Ahmet Yücegök

Bu Güne Dair

Silivri Belediye Meclisi’nin Kasım ayı Meclis toplantıları, geçen hafta cuma günü sona erdi…
İlk toplantısı salı günüydü...
İlk toplantıda yaşanan bir olay neredeyse gündemin önüne geçiyordu…
Oysa olayın olduğu gün, adı geçen yanlışlıkla ilgili olarak, iktidar ve muhalefet konuyu kapatmışlardı. Ya da öyle zannetmişlerdi. Nedeni, ortada bir kasıt olmadığı apaçık ortadaydı…
Kısaca, iktidarı ve muhalefeti aşan bir tartışma yaşandı o gün. Neredeyse gündemin önüne geçiyordu…

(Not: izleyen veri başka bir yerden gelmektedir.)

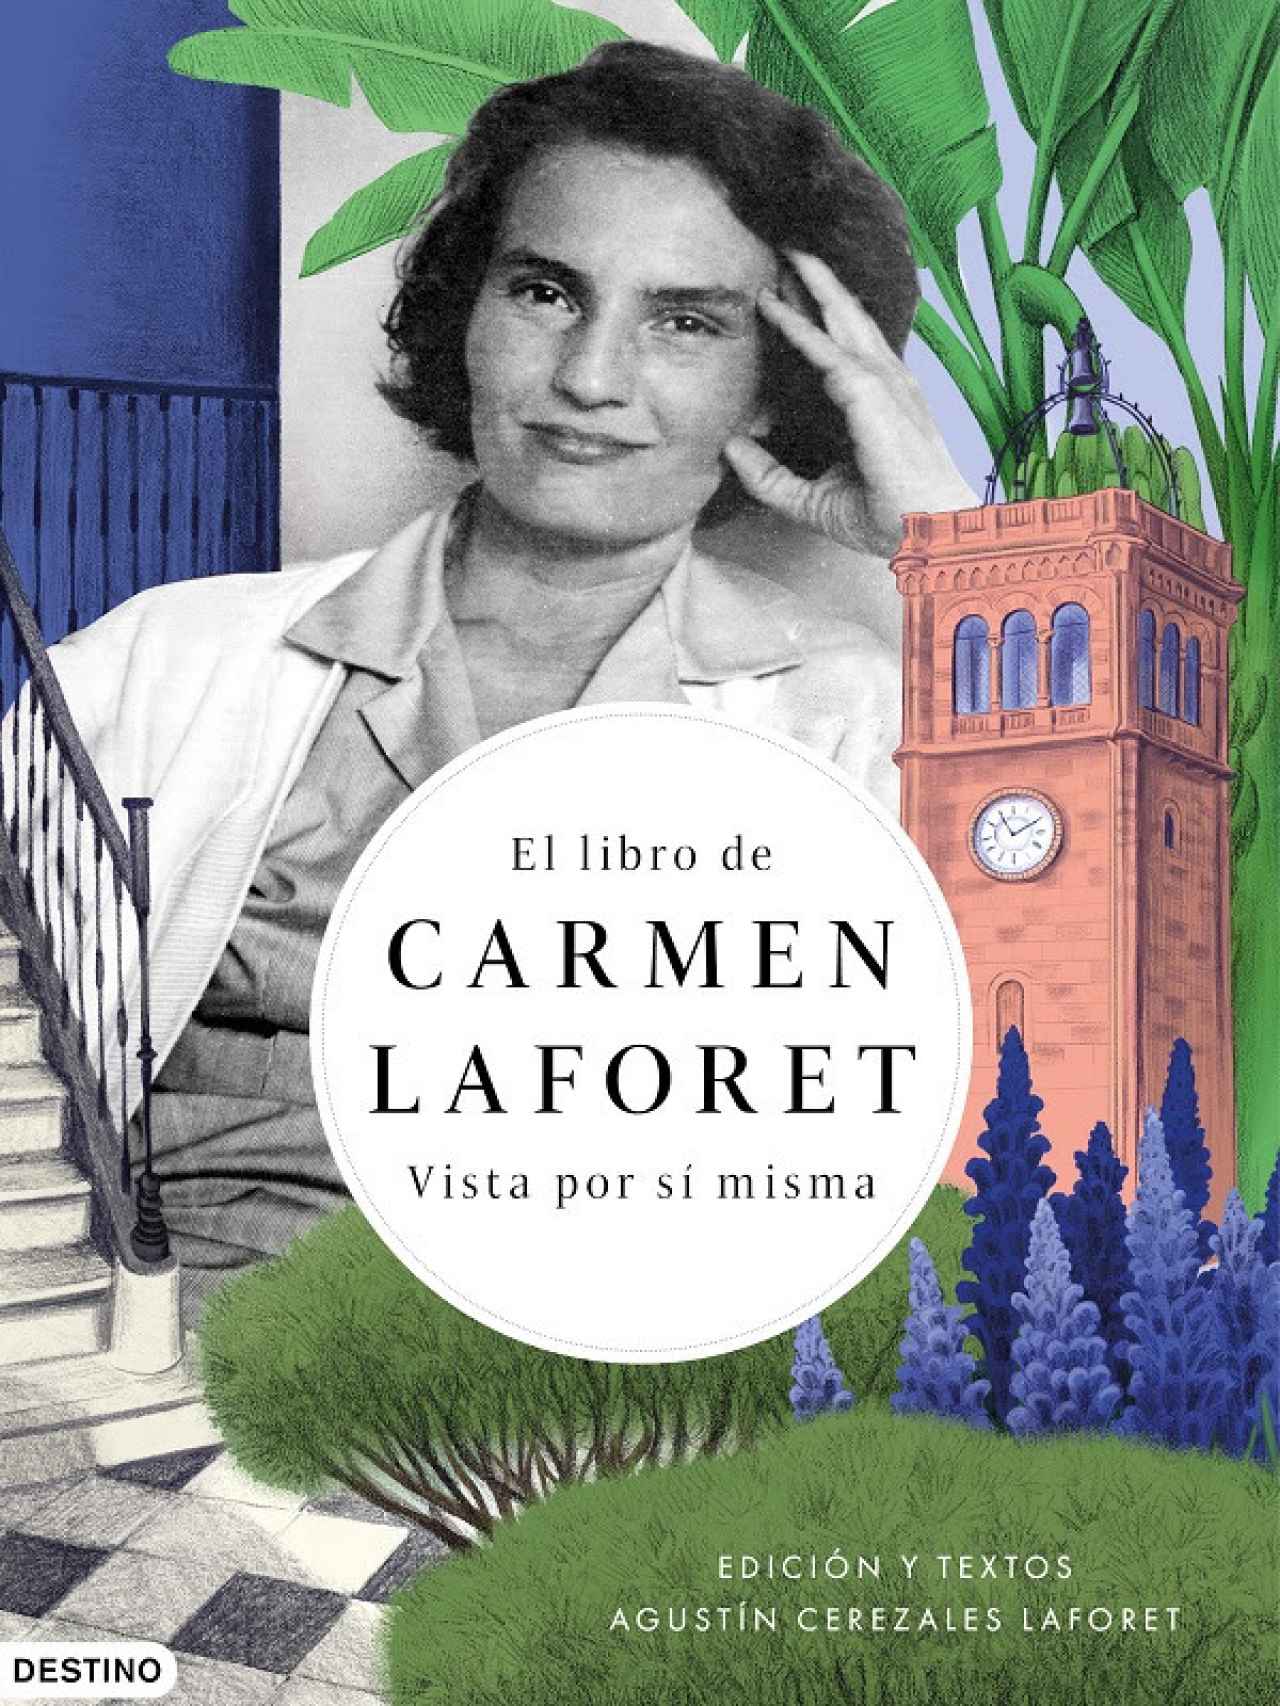 Portada de 'El libro de Carmen Laforet. Vista por sí misma', de su hijo Agustín Cerezales Laforet.

İktidar, tartışmanın ulusal kanallara kadar taşınmasına biraz şaşırmıştı. Bu kadar dilleneceğini tahmin etmemişti...
Ve…
Muhalefet…
Onlar da tahmin etmemişler ama daha sonra, bu olaydan nemalanmak istemiş oldukları belli…
Nereden anlıyoruz?
İlçe Başkanı, aynı zamanda Meclis Üyesi Metin Karakaş’ın bir yerel gazeteye verdiği,  konuyla ilgili demecinden. Ve o gazeteden binlercesini alıp dağıttırmasından…
Daha sonra…
Bu konular üzerinden siyaset yaparken iyi düşünülmesi gerektiği. Kutsal değerleri kaşımanın, siyasi malzeme konusu yapmanın kimseye faydası olmayacağı üzerine anlaşıldı… Küçücük bir tartışma alevleniverdi. Az daha kontrolden çıkıyordu…

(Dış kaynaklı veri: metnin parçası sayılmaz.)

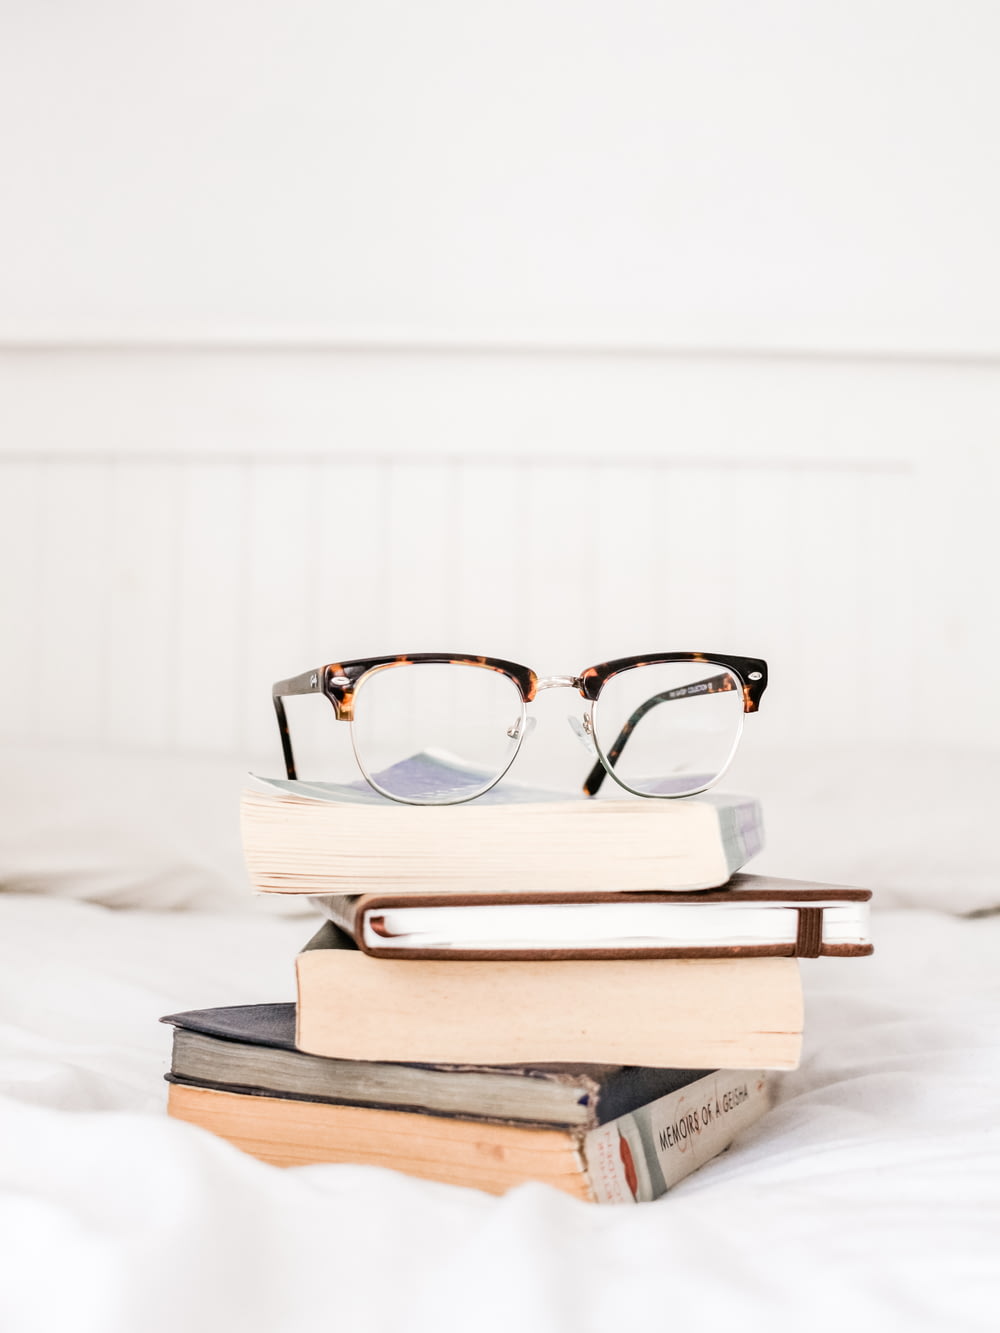 eyeglasses on pile books

Ve… Orada o gün  “ceviz kabuğunu doldurmayacak” birçok şey konuşuldu o olay bahane edilerek…
Neyse…
Meclisin görüşmesi gereken gündemi bitti. Sonra, o ilk günkü Meclis Oturumun- un kamera kayıtları seyredildi…
Ardından…
AKP İlçe Başkanı ve Meclis Üyesi Metin Karakaş söz aldı… Konu üzerinde bu denli spekülasyon yapılmasını doğru bulmadığını, ne var ki belediye binası önünde konuyla ilgili  “bildiri” dağıtılmasını da doğru bulmadıklarını söyledi…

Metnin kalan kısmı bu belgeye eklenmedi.